Does the $100 benefit Family or Fidel?

Ileana Ros Lehtinen (IRL), the Congresswoman from Coral Gables has a litany of worn out phrases that she spits out like a copy machine gone haywire whenever any kind of ‘negative’ information comes out of Cuba. Most of them are verbose and designed to please her own ears.


            However one verbal grenade that IRL likes to toss repeatedly is ‘reducing the amount of remittances that can be sent to Cuba’, as payback for anything and everything the Cubans do. During the administration of President George W. Bush the amount that Cuban-Americans could send back to family in Cuba was reduced and limited to $300 per quarter. Certainly this pleased IRL because she has long shown a disdain for the Cuban people who refused to rise up against Castro in order that the Batistani’s might go back and take over the country. IRL’s constant refrain is ‘this money is propping up Castro and his family.’


Unfortunately that refrain has taken hold with some of the naive members of Congress who have been hoodwinked by IRL and the Diaz Balart duo through the year.  So let’s take a look at this claim. First of all the Cuban government has been propped up for quite some time by Venezuela and China. Chinese container ships and Venezuelan tankers bring consumer goods and fuel to the country in a steady stream with ships arriving almost daily. So the ‘regime’ is not exactly destitute, despite the claims of a woman who has never been in the country since she was a young child.


And so what is the truth about the family remittances? Fortunately for the Cuban people President Obama in 2009 lifted all limits on family remittances, a move that thrilled Cubans and Cuban-American families in the US but no doubt had IRL spitting nails. “How dare President Obama do this,” she probably asked. “Those people down there need to be punished for not rising up against Fidel. All these octogenarian Cuban dinosaurs here in Miami have dreamed of going back and restoring Cuba to its Batista glory, and those people never rose up against Fidel. They don’t deserve money; they don’t deserve to eat pork or chicken. Let them eat Castro’s rice and beans!”

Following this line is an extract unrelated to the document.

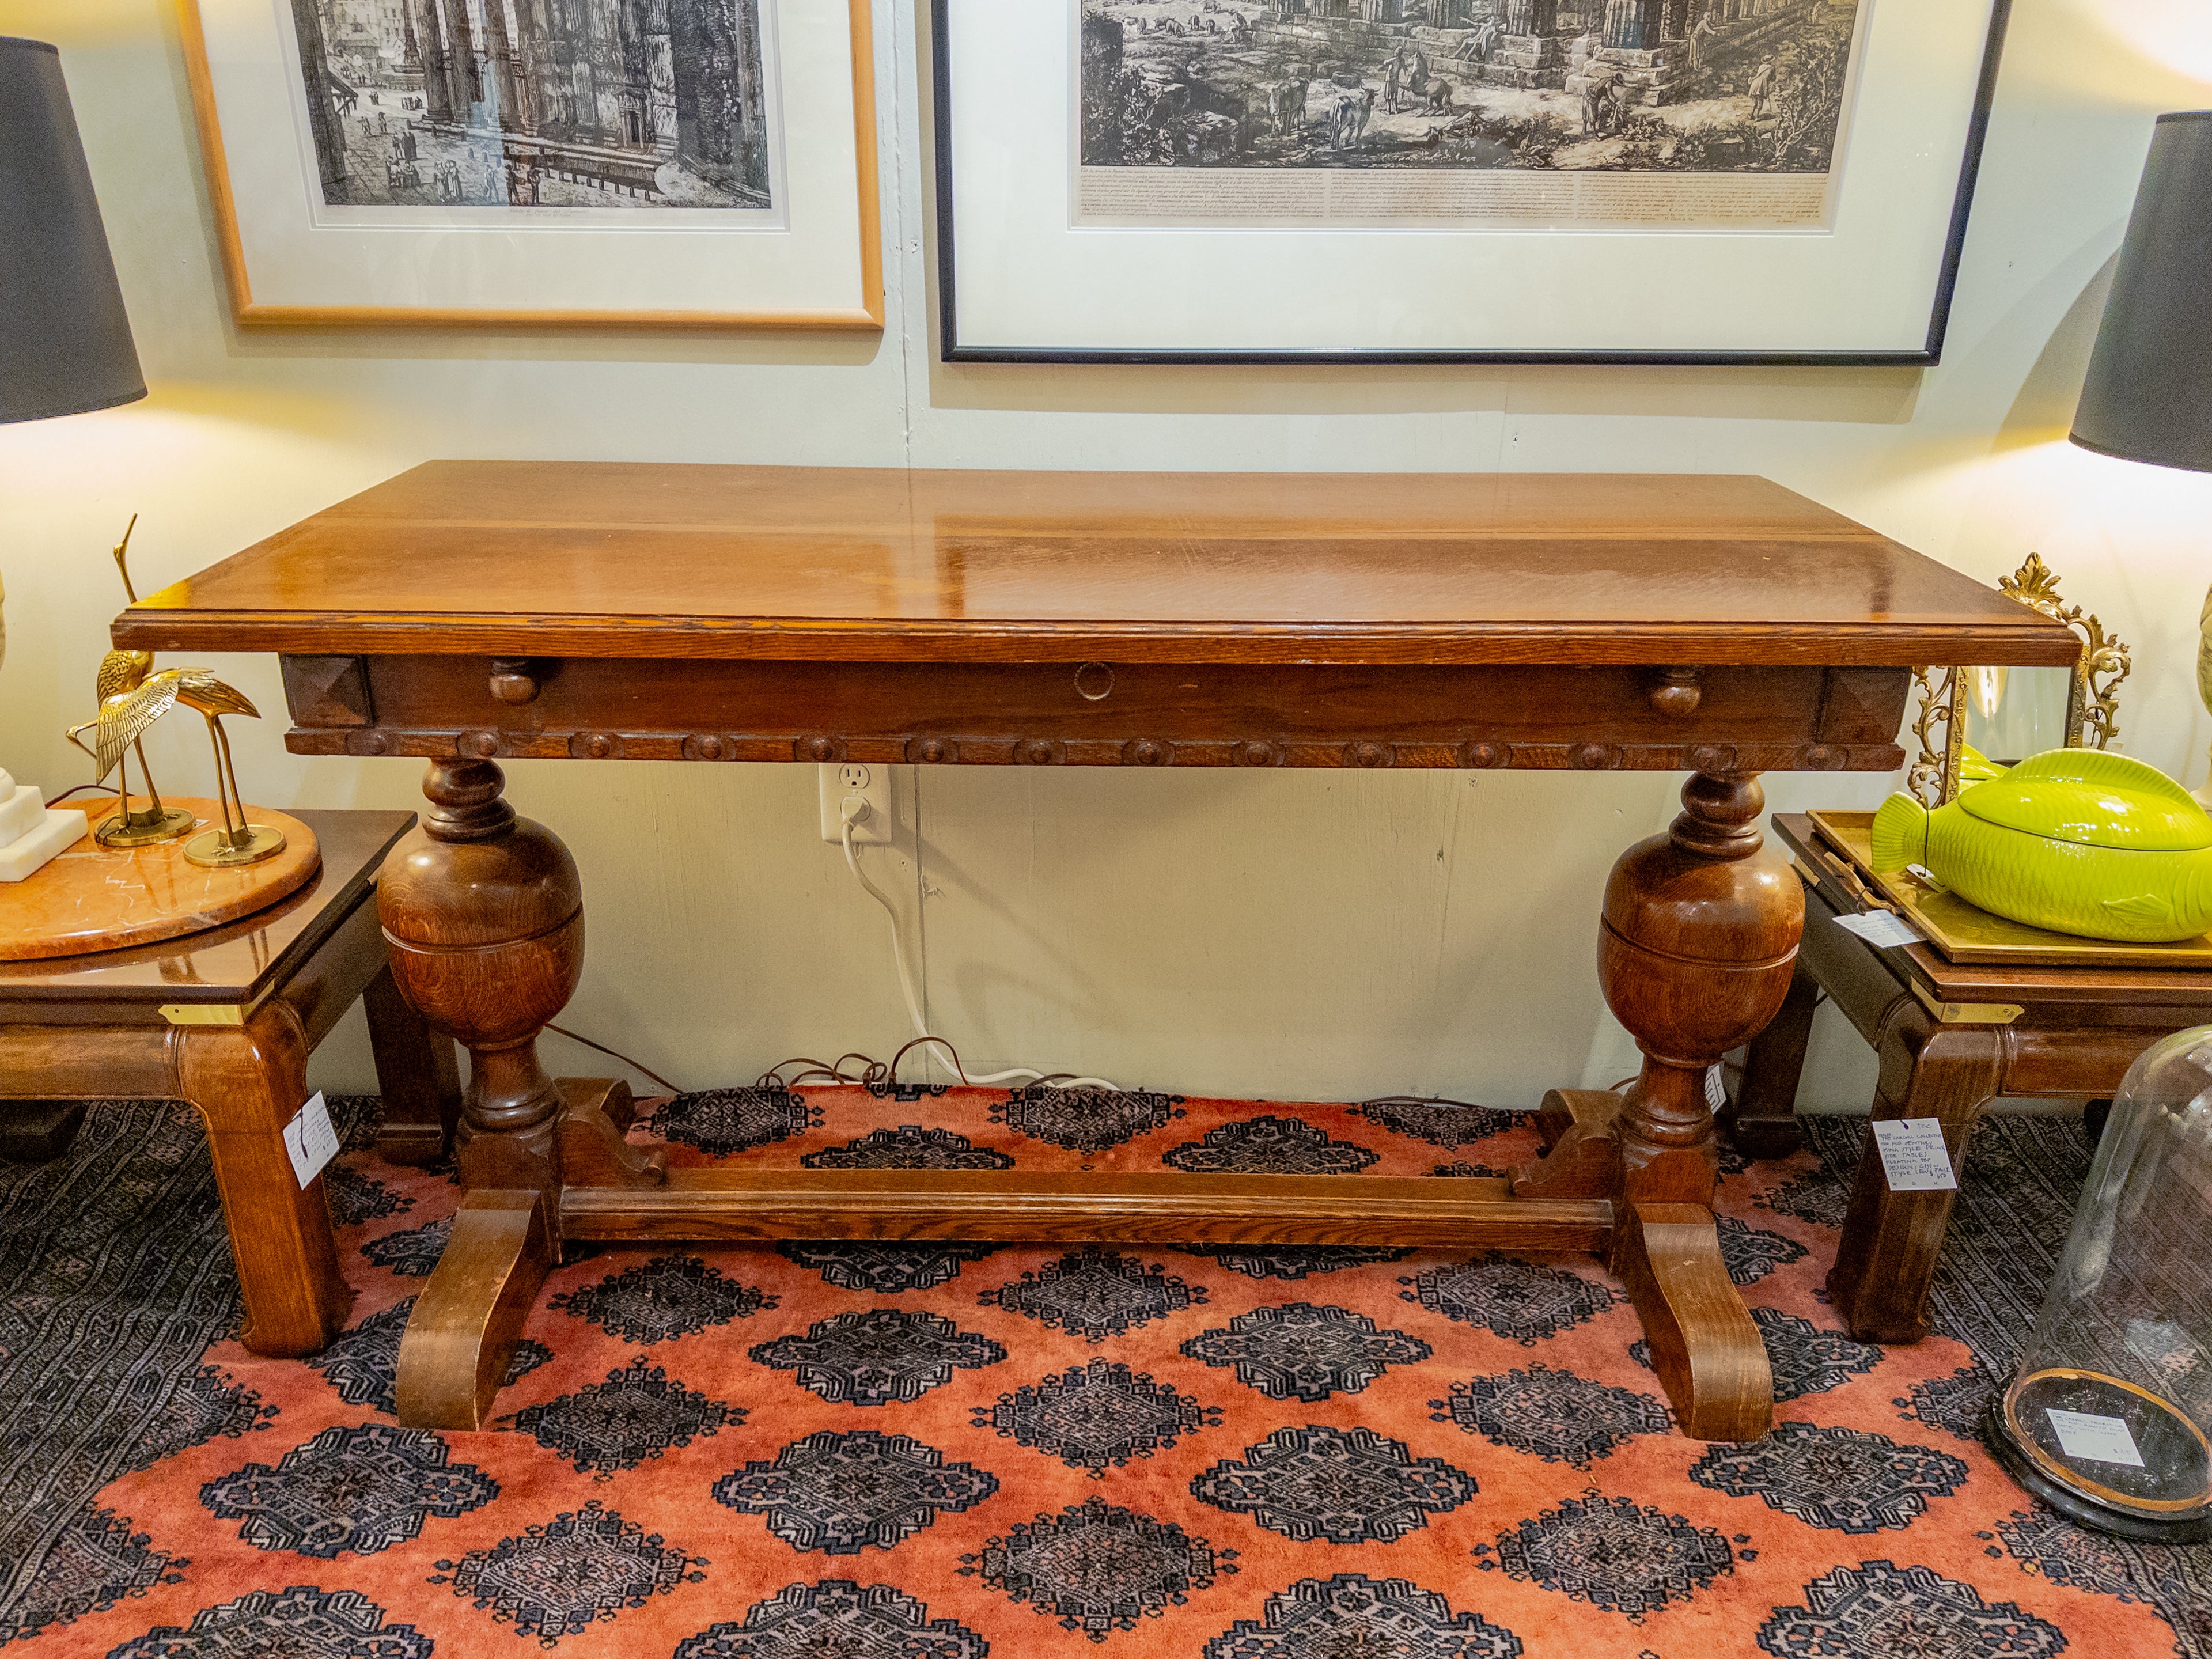 Transport yourself to the elegance of the 1920s with this charming English Oak Butterfly Table, a testament to the era's fine craftsmanship. The table boasts a trestle base, exuding a rustic yet sophisticated charm typical of the period. Crafted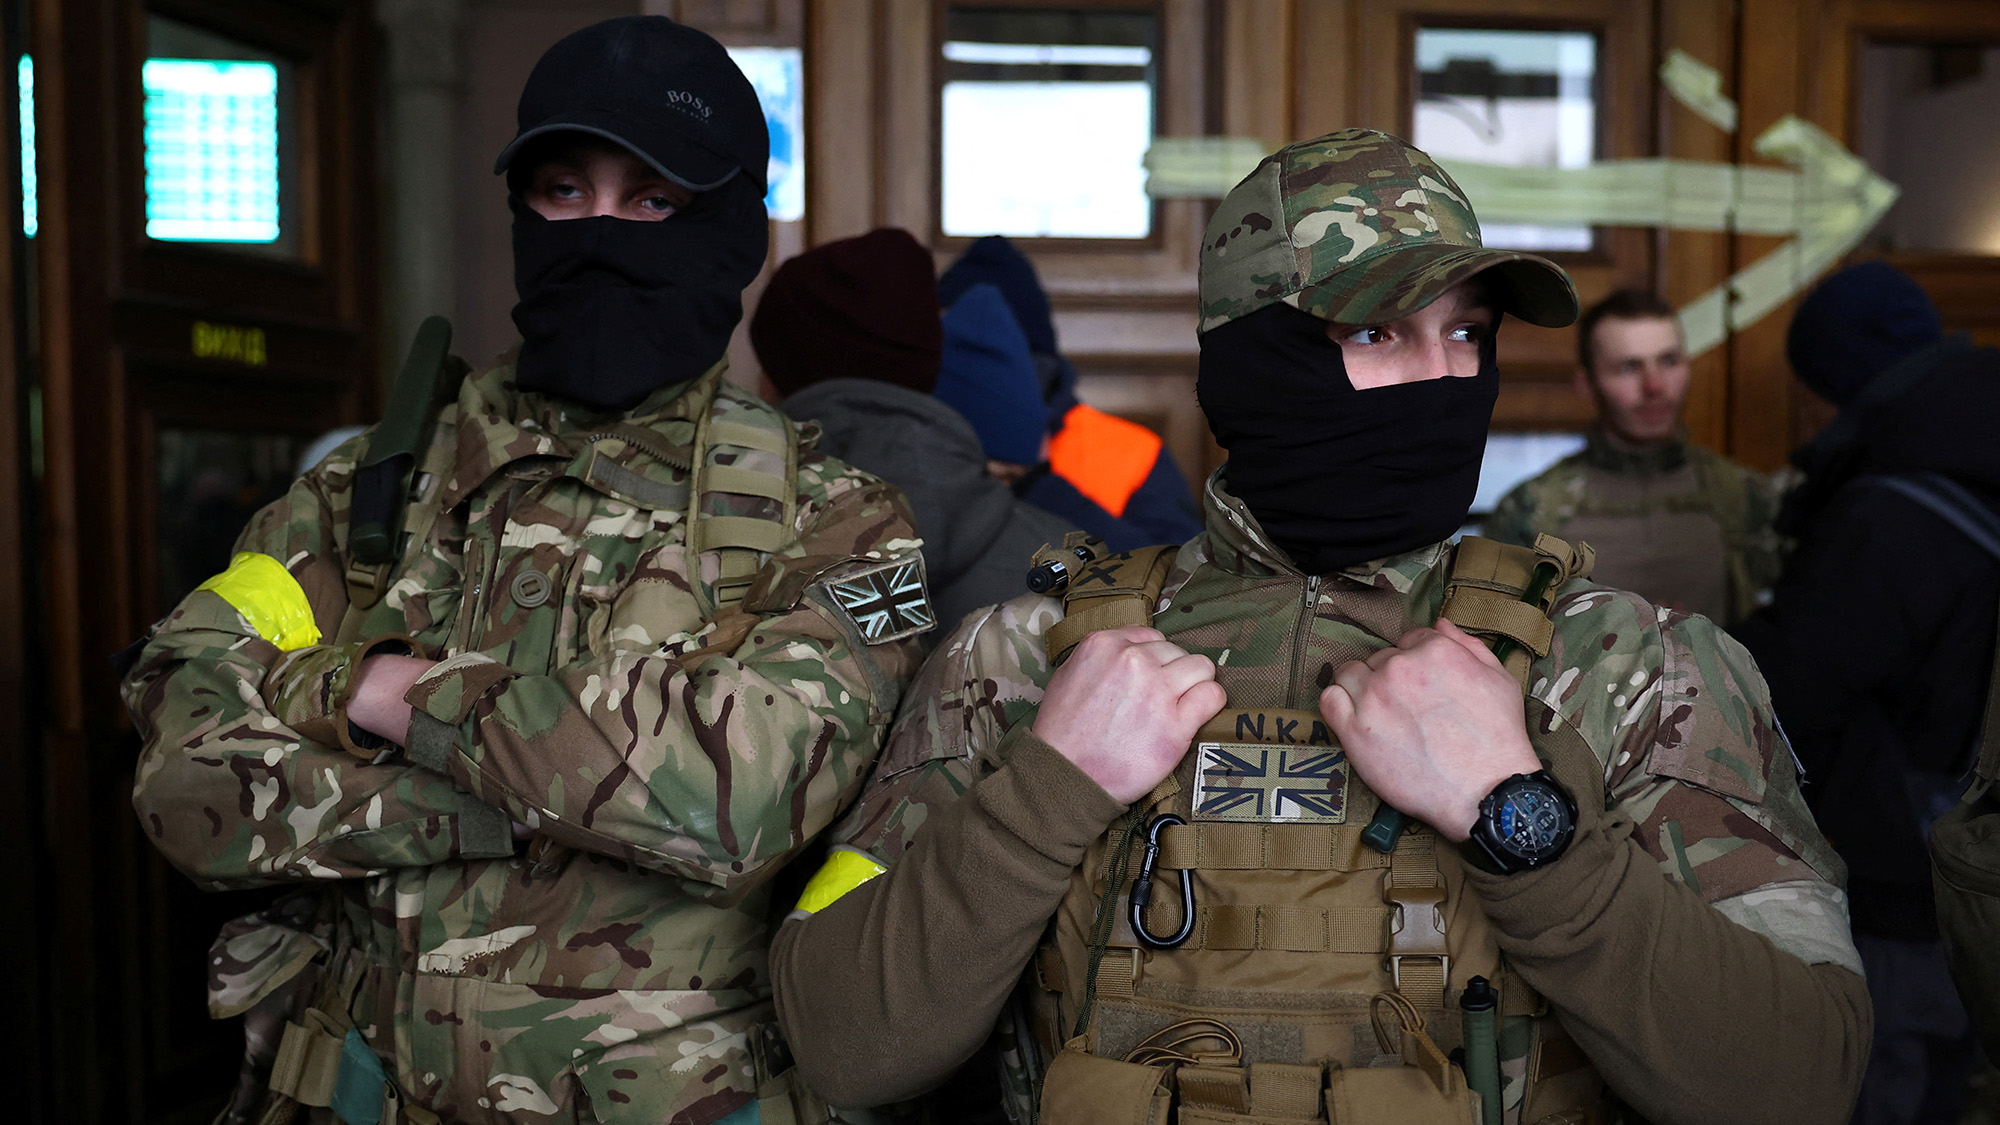 Two foreign fighters from the UK are seen as they prepare to depart to the front line at the main train station in Lviv, Ukraine on March 5.

And that is the route that many remittances take. The recipients go to the government store to buy pork and chicken and other ‘luxury’ food items. I’ve given cash gifts to close friends in Cuba and that is exactly where the money goes, to buy food for their family.  Does the government realize a profit from these sales? Of course, but even if it’s as high as 20% that is a secondary realization.


The primary realization is that this family has $100 worth of food products in their freezer and refrigerator. In IRL’s world that is a bad thing because she despises the people of her homeland. But you can bet that Jesus is pleased that the Cuban people have been given the opportunity to enjoy some of the bounties of life courtesy of their US families. And contrary to statements by other Cuban-American politicians, the Cuban government does not take a percentage ‘off the top’ on remittances.  The Cuban nationals receive every penny, of course converted to CUCs.


Some of these remittances also go to the new entrepreneurs in Cuba who are starting up small businesses. The same facts apply: the entrepreneur has the full value of the money to purchase goods and services from other entrepreneurs or from state stores. If some of it goes as profit to the government, well the money has served the greater good – the needs of the entrepreneur.


A parallel to the remittances can be drawn with money that goes to IRL’s campaign. Consider than in the 2011 – 2012 election cycle the University of Miami donated $10,450 to Ileana Ros Lehtinen’s campaign. Are there students at The U who work hard for their tuition money and who find Ileana Ros Lehtinen an absolutely loathsome and despicable woman. Do you think they are happy with their tuition money going to support her agenda? In that respect, Ileana Ros Lehtinen and Fidel Castro are like two peas in a pod.